Golpe do falso advogado por mensagem: como funciona e como não cair
Golpes e Fraudes
Cinco pessoas foram presas na terça-feira (7) em operação da Polícia Civil do Paraná por suspeita de aplicar o golpe do falso advogado em vítimas de todo o Brasil. As prisões ocorreram em São Paulo e no Ceará. A investigação apontou que o grupo usava um programa automatizado, um bot, para realizar buscas em massa nos sistemas públicos da Justiça e identificar alvos com processos em andamento.
O golpe do falso advogado já registrou mais de 3 mil boletins de ocorrência apenas no Paraná nos últimos meses. Especialistas alertam que a tática se espalhou pelo país e tem vitimado pessoas de diferentes perfis sociais e econômicos.
Como o golpe funciona
O esquema começa com o uso de bots que varrem automaticamente os sistemas públicos dos tribunais, como o PJe (Processo Judicial Eletrônico) e portais estaduais de consulta processual. Esses sistemas são de acesso livre, criados para garantir transparência à Justiça, mas acabam sendo explorados pelos golpistas para coletar dados reais: nomes das partes, números de processos, valores em disputa e nomes de advogados vinculados às ações.
Com essas informações em mãos, os criminosos entram em contato com a vítima pelo WhatsApp, apresentando-se como advogados ou funcionários de escritórios jurídicos. A abordagem é convincente porque inclui detalhes reais do processo, o que transmite credibilidade imediata.
A partir daí, dois caminhos são comuns:
Pagamento antecipado: os golpistas convencem a vítima de que existe uma oportunidade de receber uma indenização, precatório ou acordo vantajoso, mas que é preciso antecipar custas, taxas ou honorários via PIX ou boleto para “liberar” o valor.
Espelhamento de tela: os criminosos induzem a vítima a compartilhar a tela do celular, sob pretexto de assinar documentos digitais ou acompanhar uma audiência remota.
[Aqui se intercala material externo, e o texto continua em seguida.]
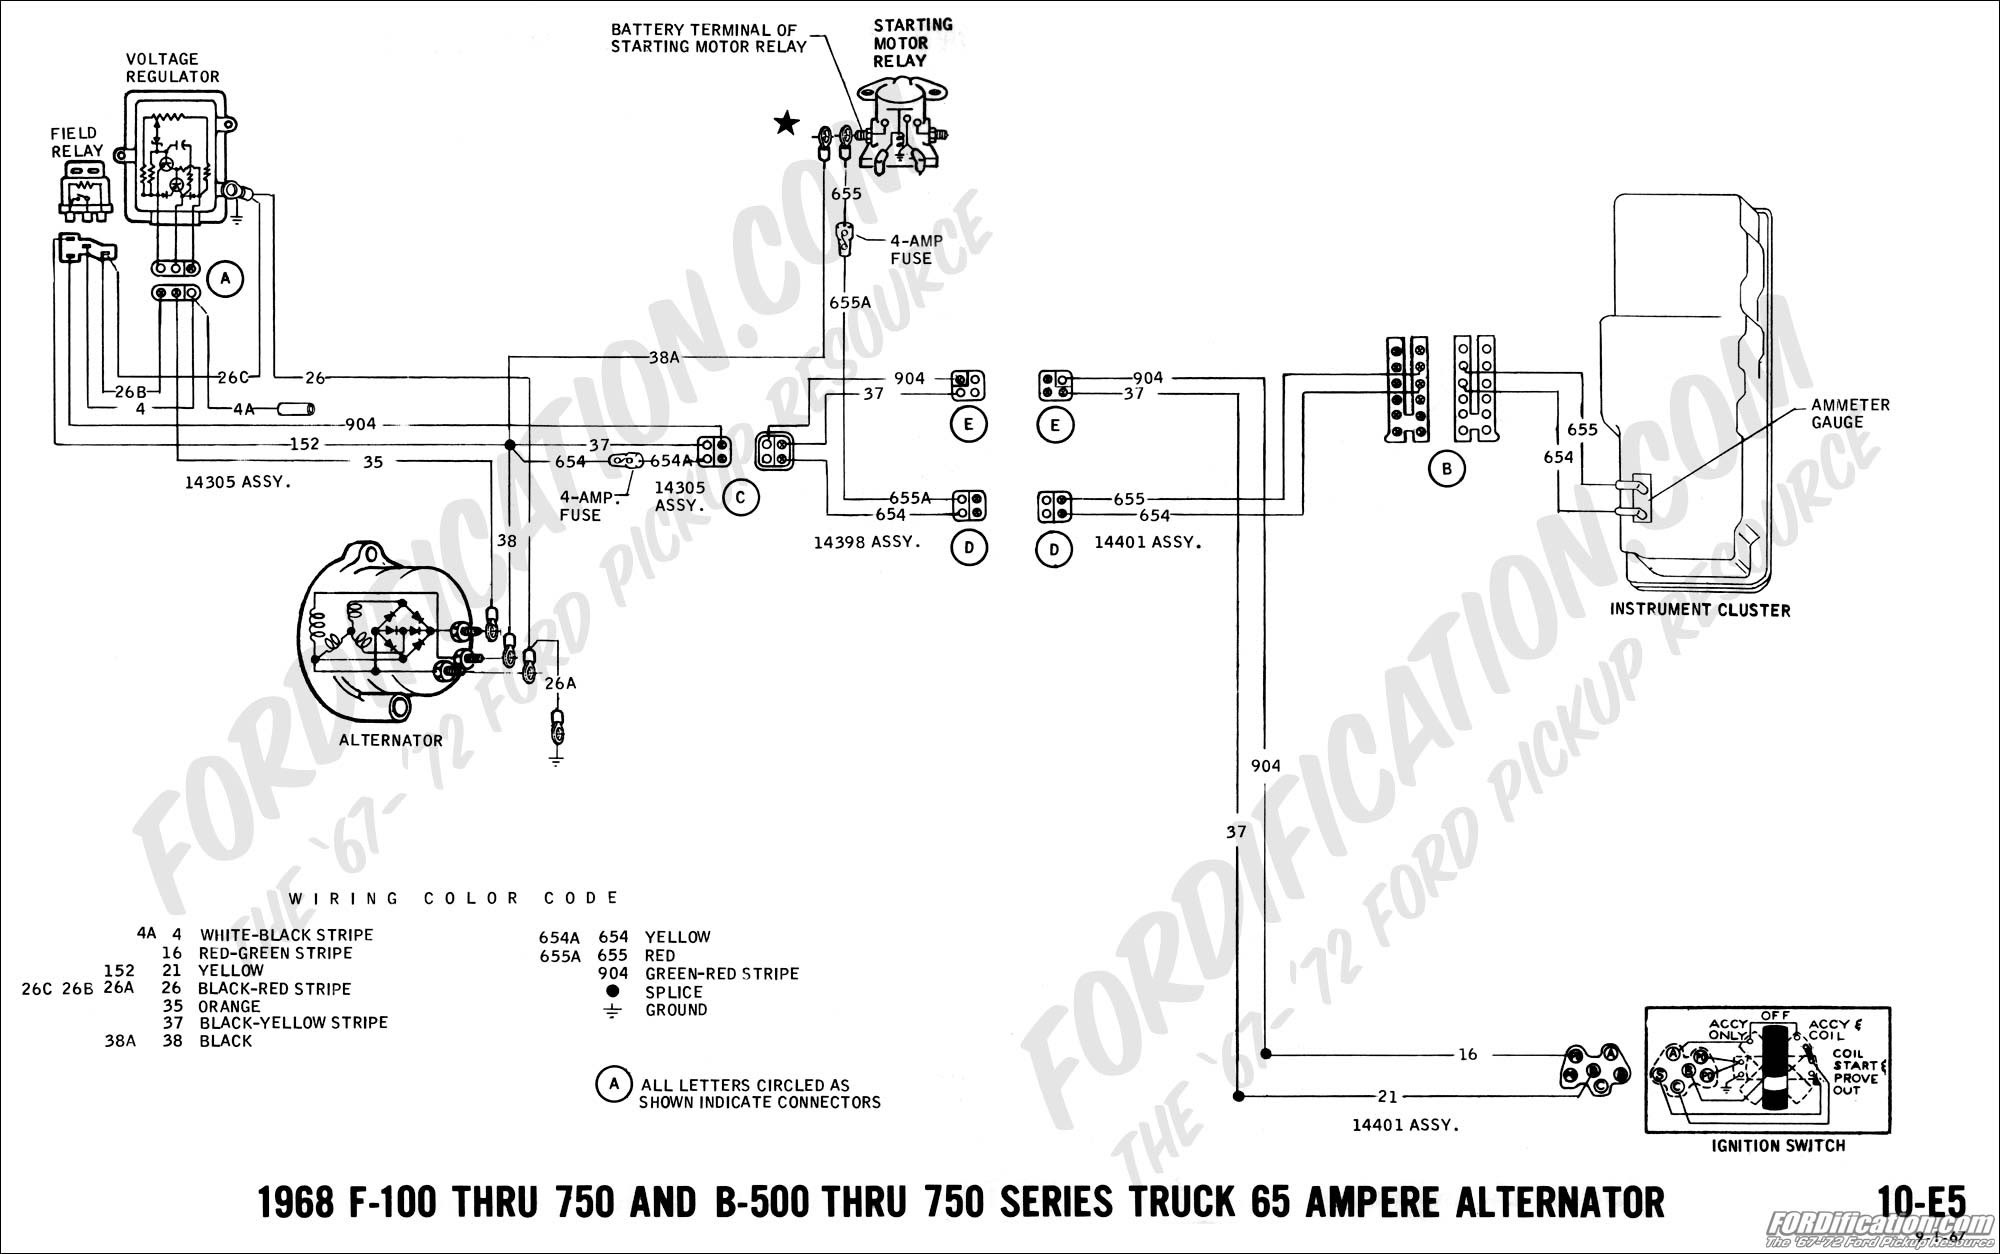 A Ford 302 Wiring Diagram - Wiring Diagram Networks

Com o acesso visual, visualizam dados bancários e transferem valores das contas.
Por que esse golpe é particularmente perigoso
A maioria dos golpes digitais depende de algum nível de improviso ou informação genérica. O falso advogado, não. Ao usar dados reais de processos judiciais, os criminosos eliminam a principal defesa das vítimas, que é a desconfiança diante do desconhecido.
Quando alguém recebe uma mensagem de WhatsApp citando o número exato do seu processo, o nome correto das partes envolvidas e o valor da causa, a reação natural é de que se trata de uma comunicação legítima. Essa sensação de autenticidade é o principal instrumento do golpe.
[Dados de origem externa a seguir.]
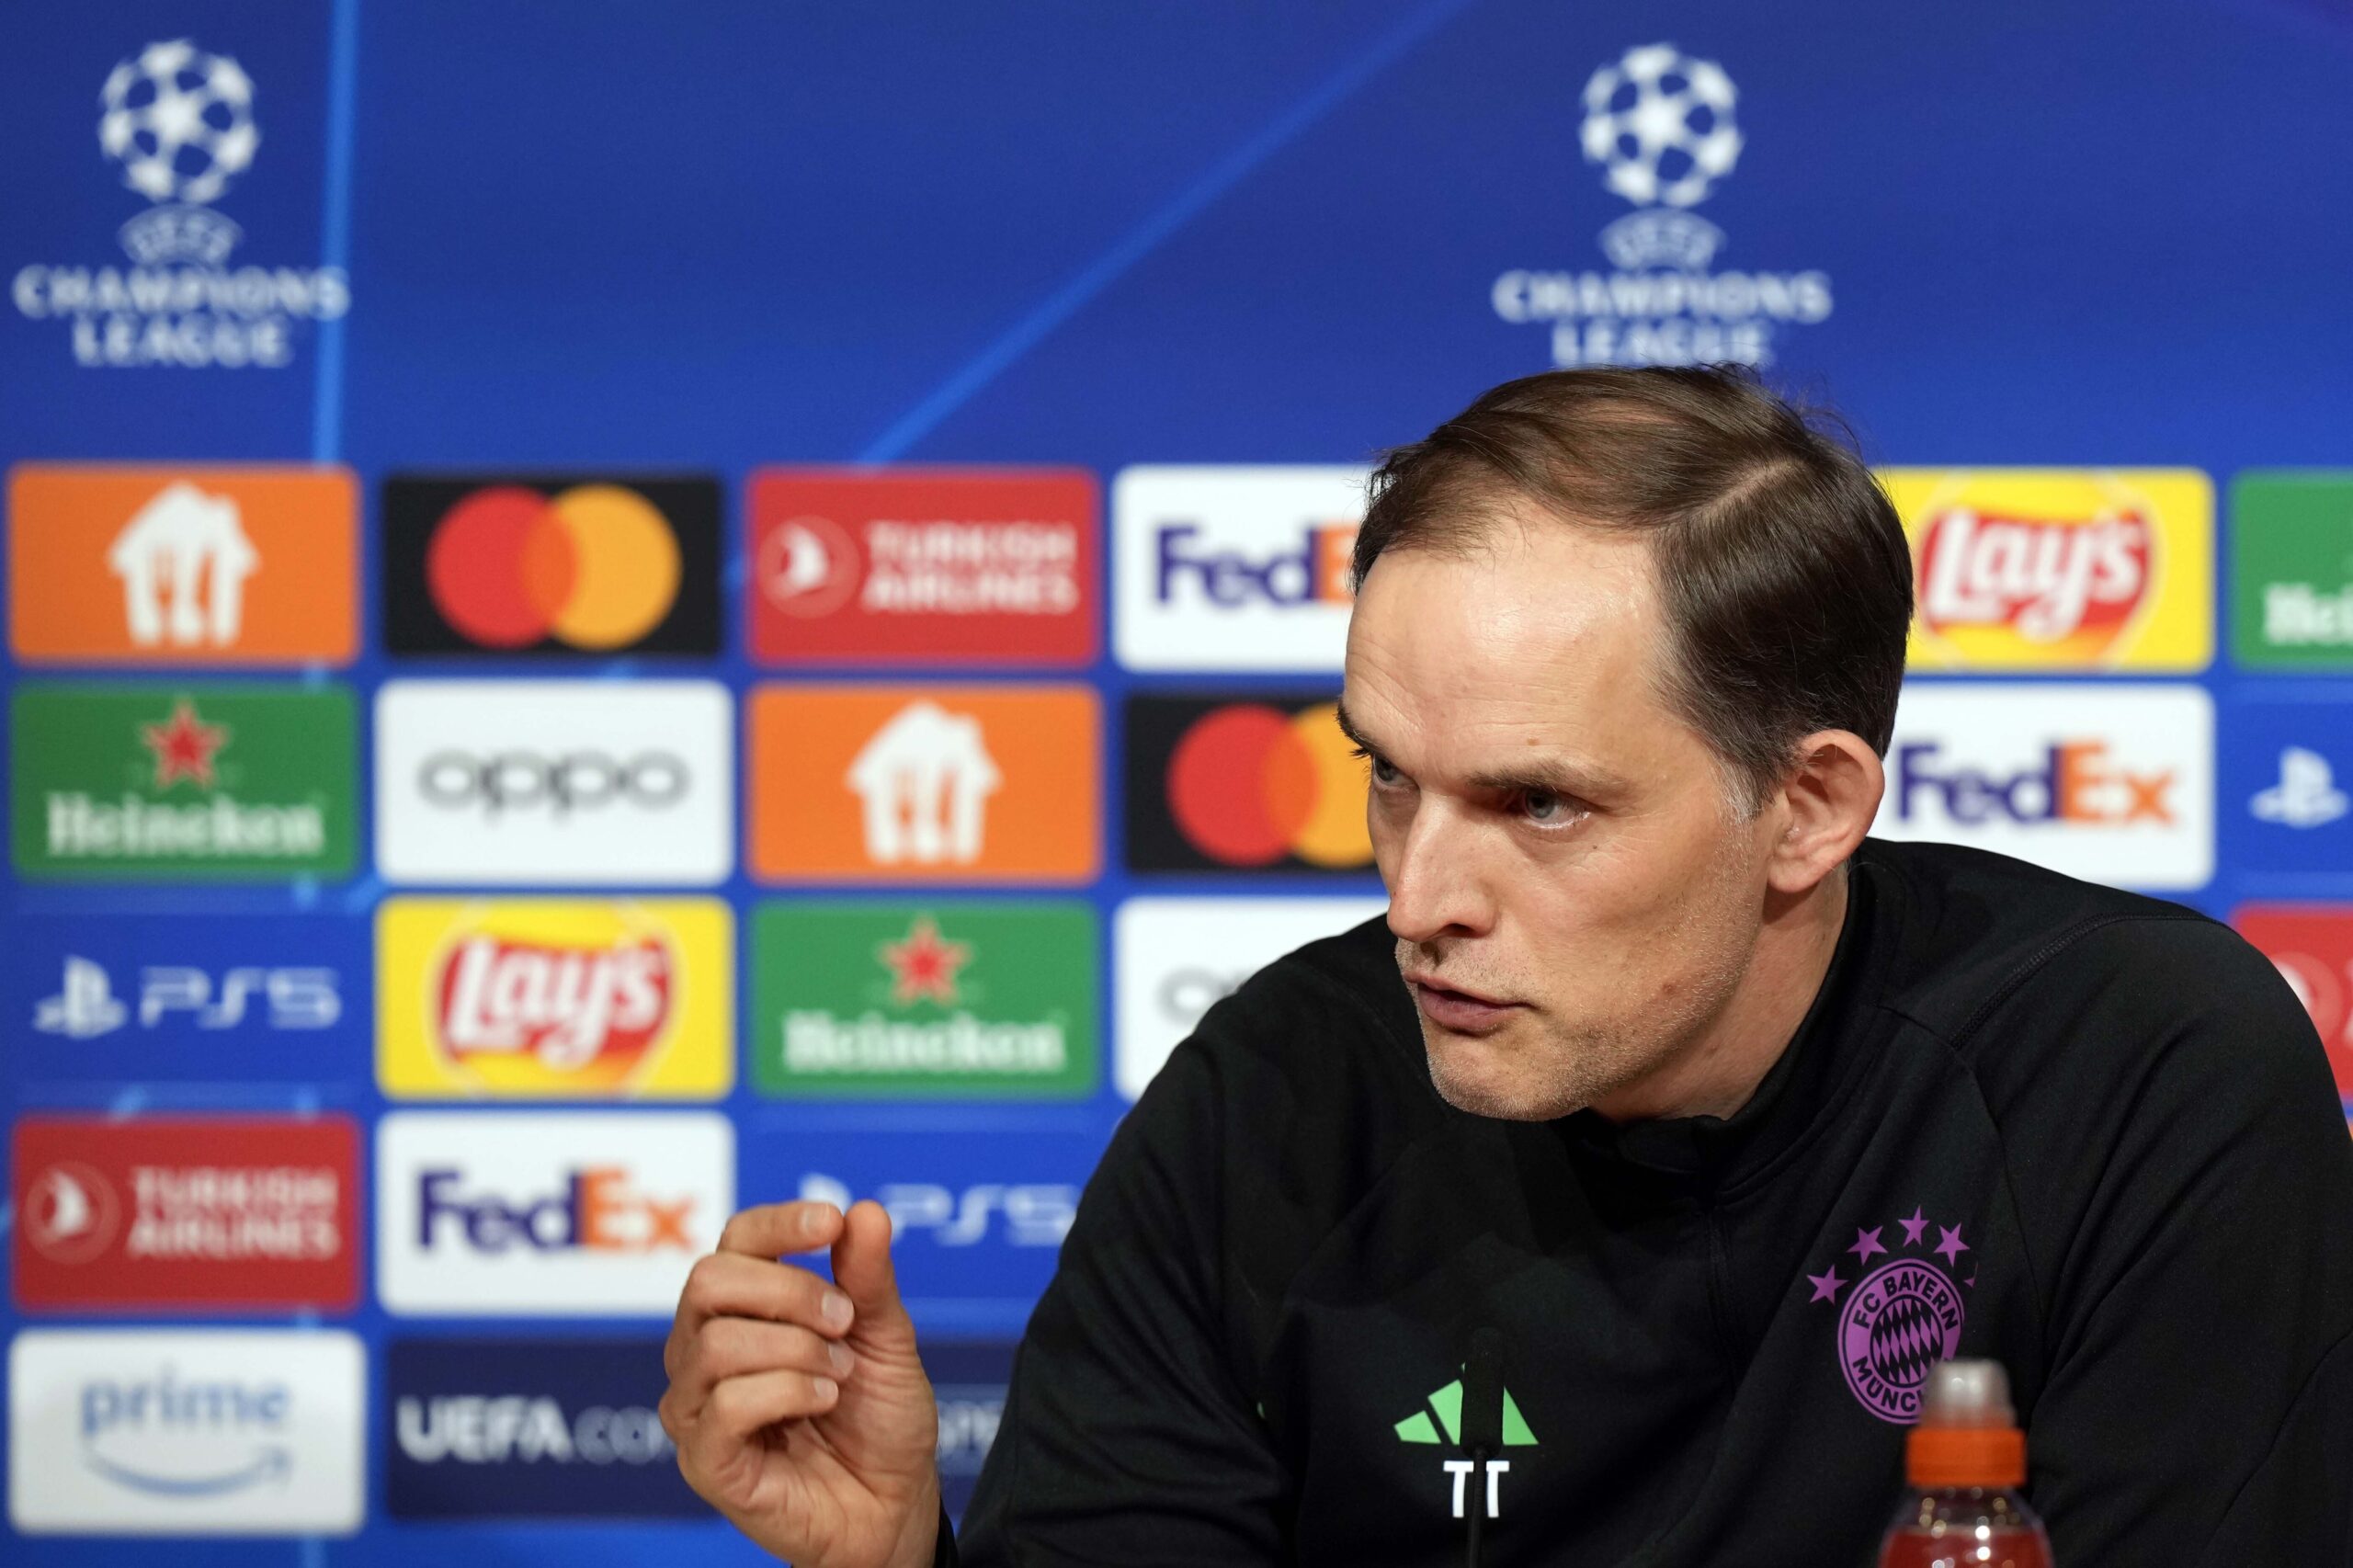 thomas-tuchel-is-already-thinking-about-his-duel-against-real-madrid:-“ancelotti-is-a-legend”

Além disso, o uso de bots para varredura em massa significa que os criminosos conseguem escalar a operação. Em vez de selecionar alvos manualmente, o sistema identifica automaticamente centenas ou milhares de pessoas com processos abertos, filtrando aquelas com maiores valores em disputa ou em fases processuais mais sensíveis.
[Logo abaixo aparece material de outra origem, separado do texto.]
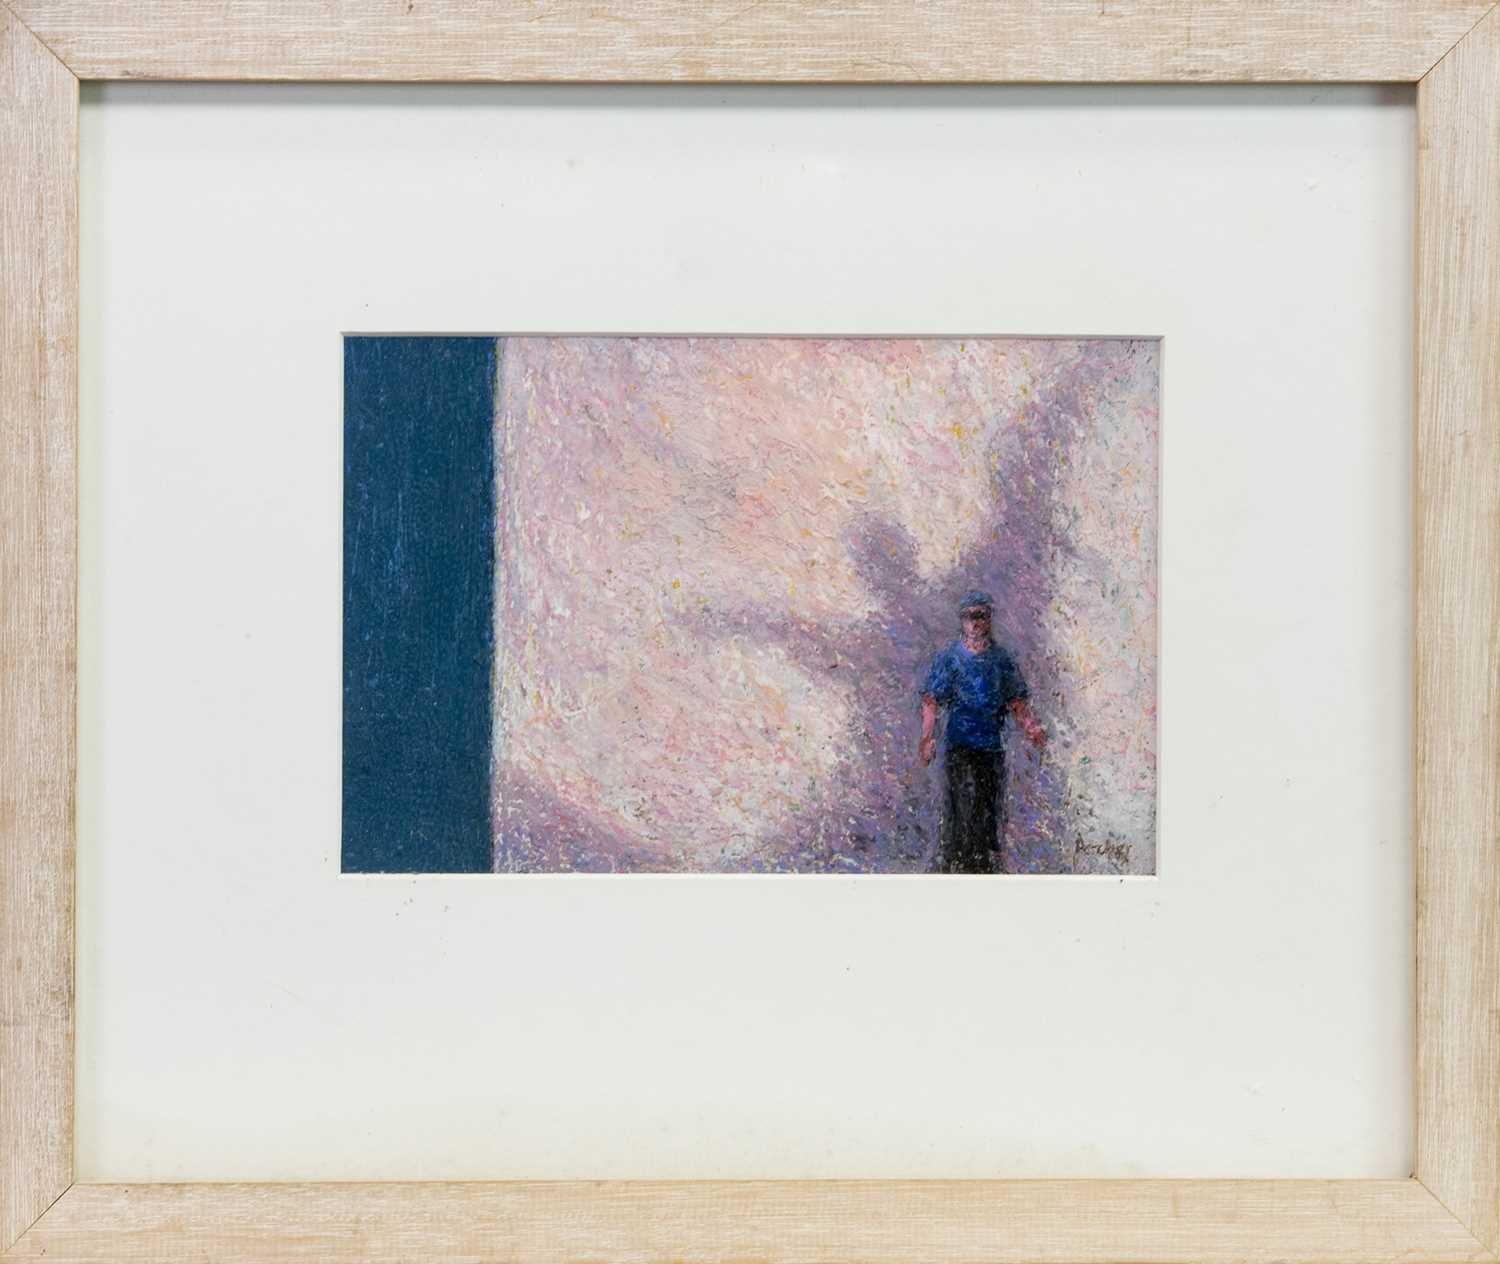 Lot 546 - FIGURE AND SHADOW, A PASTEL BY PHILIP ARCHER

Dados públicos, uso criminoso
O acesso aos sistemas da Justiça é legítimo e necessário. A transparência processual é um direito dos cidadãos. O problema não está nos sistemas em si, mas na ausência de mecanismos que detectem varreduras automatizadas em escala, um gap de segurança que os criminosos exploram sistematicamente.
Advogados e associações jurídicas já alertaram os tribunais sobre o problema. Algumas cortes implementaram CAPTCHAs e limites de consulta por IP, mas a cobertura ainda é parcial e os golpistas adaptam os bots para contornar essas barreiras.
Como se proteger
Diante desse cenário, algumas práticas reduzem significativamente o risco:
Nunca pague nada por mensagem de WhatsApp sem antes ligar para o escritório de advocacia diretamente, usando um número obtido de forma independente, não o que o contato forneceu.
Desconfie de urgência: golpistas criam pressão de tempo para impedir que a vítima pense ou consulte terceiros. Advogados reais respeitam prazos processuais, não inventam emergências em chats.
Nunca compartilhe a tela do celular com alguém que você não conhece pessoalmente, independentemente do motivo apresentado.
Confirme a identidade pelo OAB: todo advogado tem número de registro na Ordem dos Advogados do Brasil. Consulte o site da OAB para verificar se o profissional existe e está habilitado.
Verifique o número de WhatsApp: golpistas usam números aleatórios ou de outros estados. Se o advogado que supostamente cuida do seu processo há meses entrou em contato por um número desconhecido, questione.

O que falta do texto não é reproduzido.